例えば、いもち病菌レース001は抵抗性遺伝子Pi-taをもっている品種に感染できませんが、これはレース001がPi-taに対応する非病原力遺伝子Avr-Pitaをもっており、感染しようとすると抵抗反応が開始されるためです。
非病原力遺伝子は、元々は、病原力遺伝子であったと考えられています。病原力遺伝子によりつくられた因子(エフェクター)は、宿主の基礎的抵抗反応をかく乱して無力化します。その結果、病原菌は容易に宿主に感染し発病させることができます。
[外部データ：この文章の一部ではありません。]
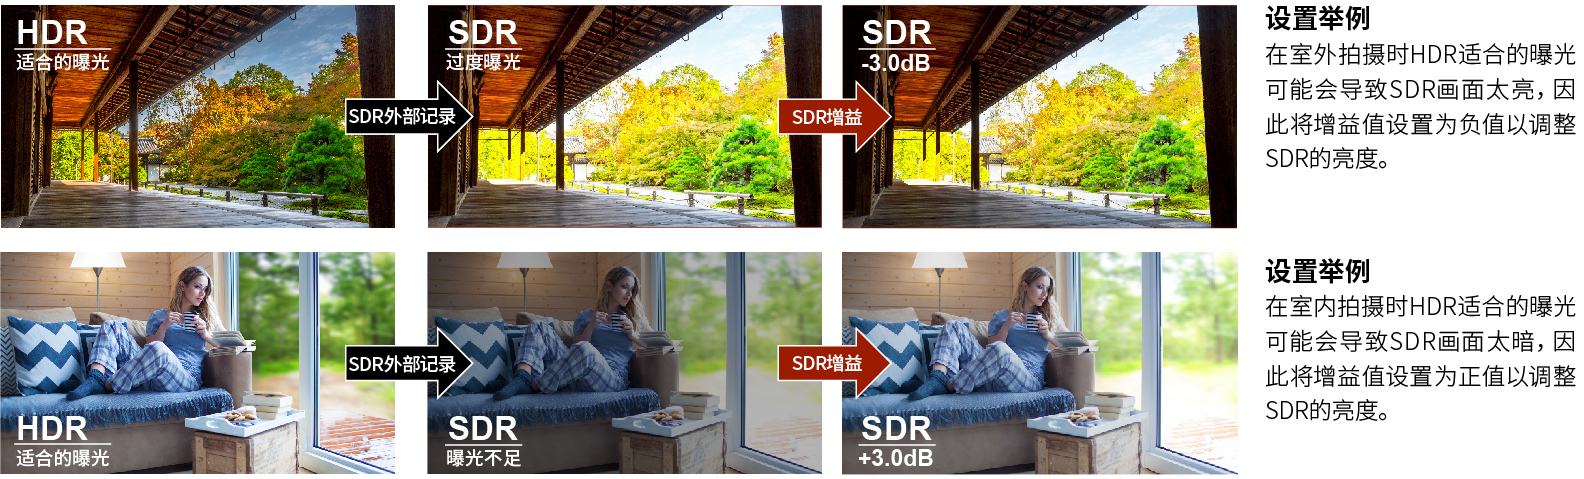 HDR转换为SDR的增益调整
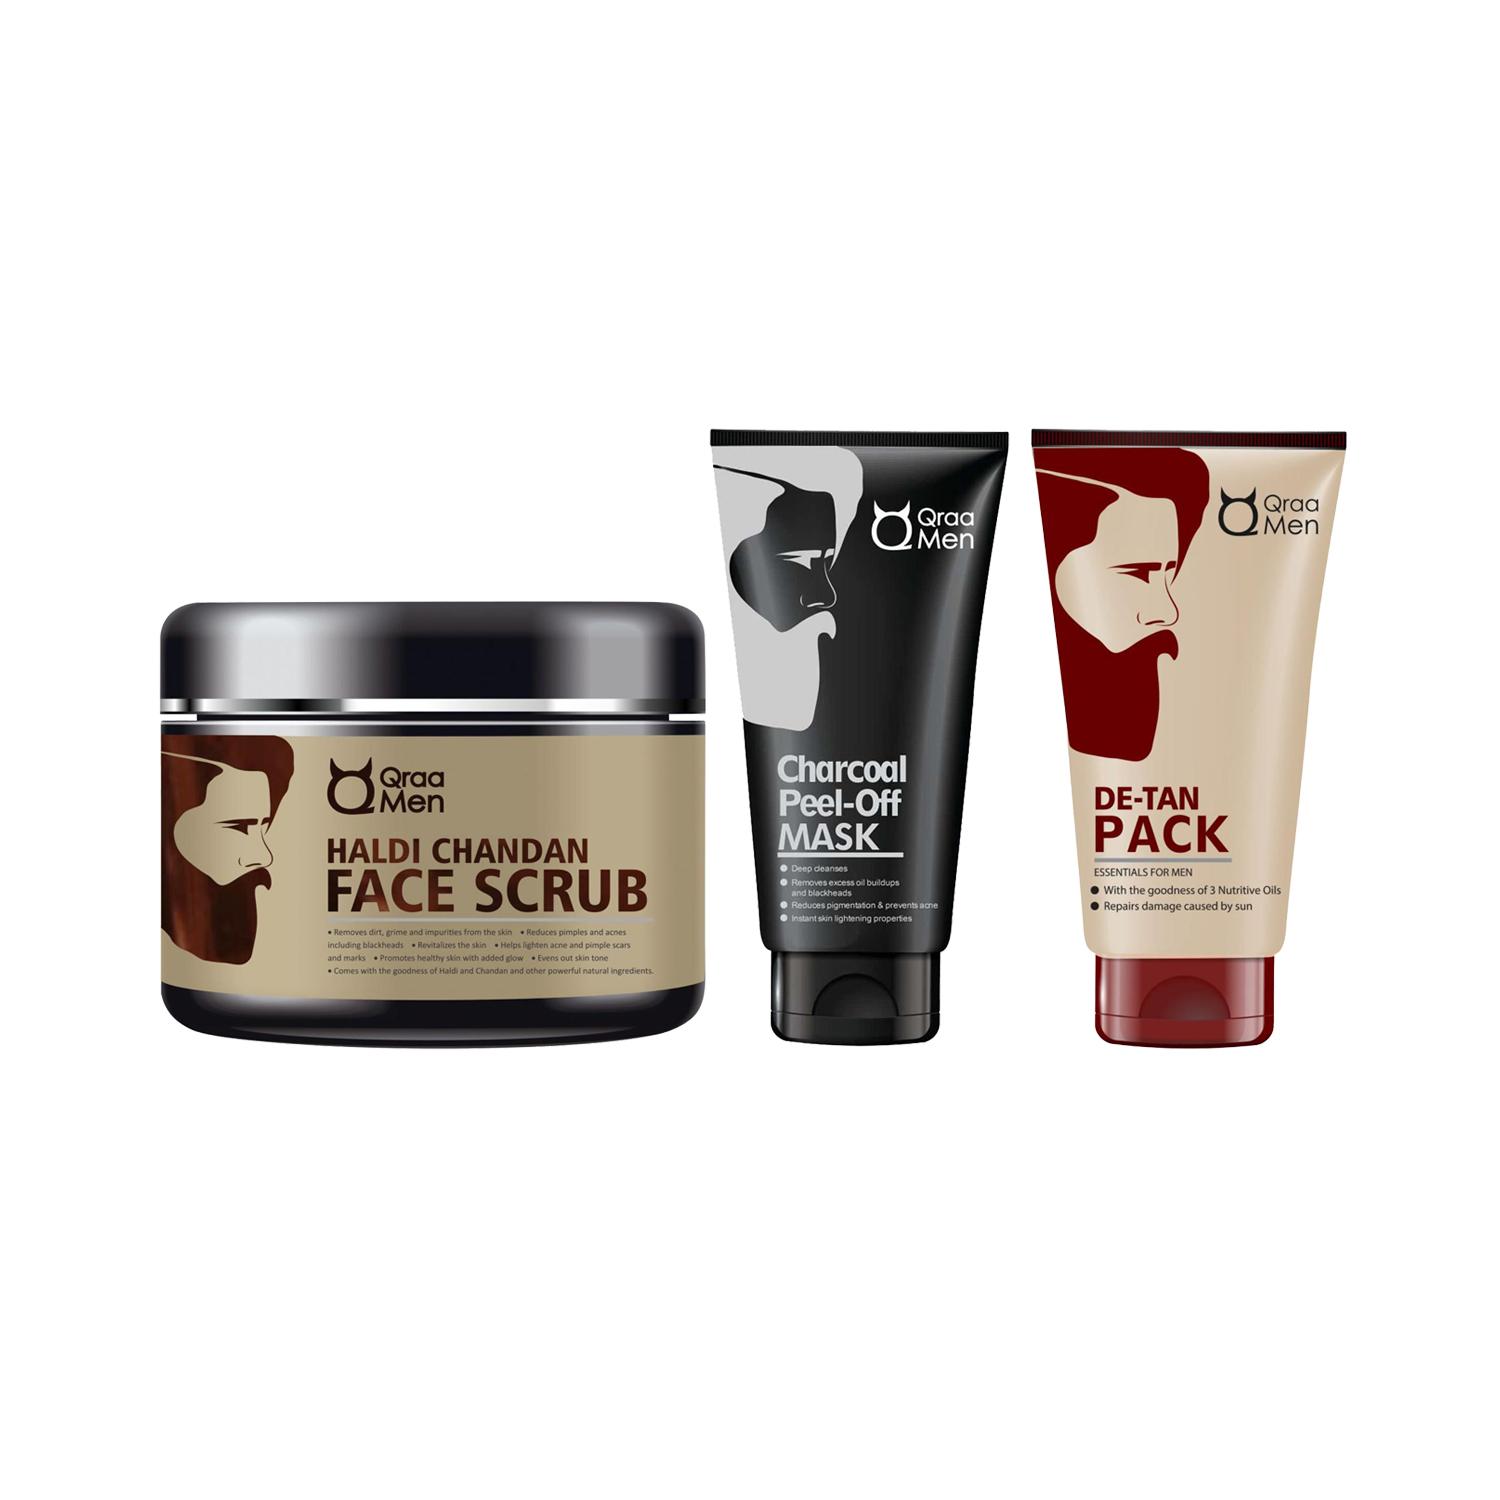 Qraamen | Qraamen De-Tan Face Pack, Haldi Chandan Face Scrub & Charcoal Peel Off Mask Combo

しかし、宿主の遺伝子が変異してエフェクターを病原菌として認識できる“抵抗性遺伝子”を発達させると、エフェクターを作る病原菌は、エフェクターを作るが故に感染できなくなってしまいます。同一の因子が、宿主遺伝子の違いにより、病原力因子として働いたり、非病原力因子として働くことになるわけです。病原菌は多数種のエフェクターを産生しており、その一部が宿主の抵抗性遺伝子産物に認識されると考えられています。
非病原力遺伝子も抵抗性遺伝子も変異しやすい遺伝子であることが報告されています。非病原力遺伝子が変異したり欠失した病原菌は、宿主の抵抗性遺伝子の監視から逃れて侵入・感染し子孫を残すことができるようになります。一方で、それに対応する抵抗性遺伝子を新たに変異発達させた植物個体は病原菌の感染から免れ生存できるようになります。このように、植物と病原菌は、互いの種の保存を可能にする共進化の歴史を今も続けているものと考えられます。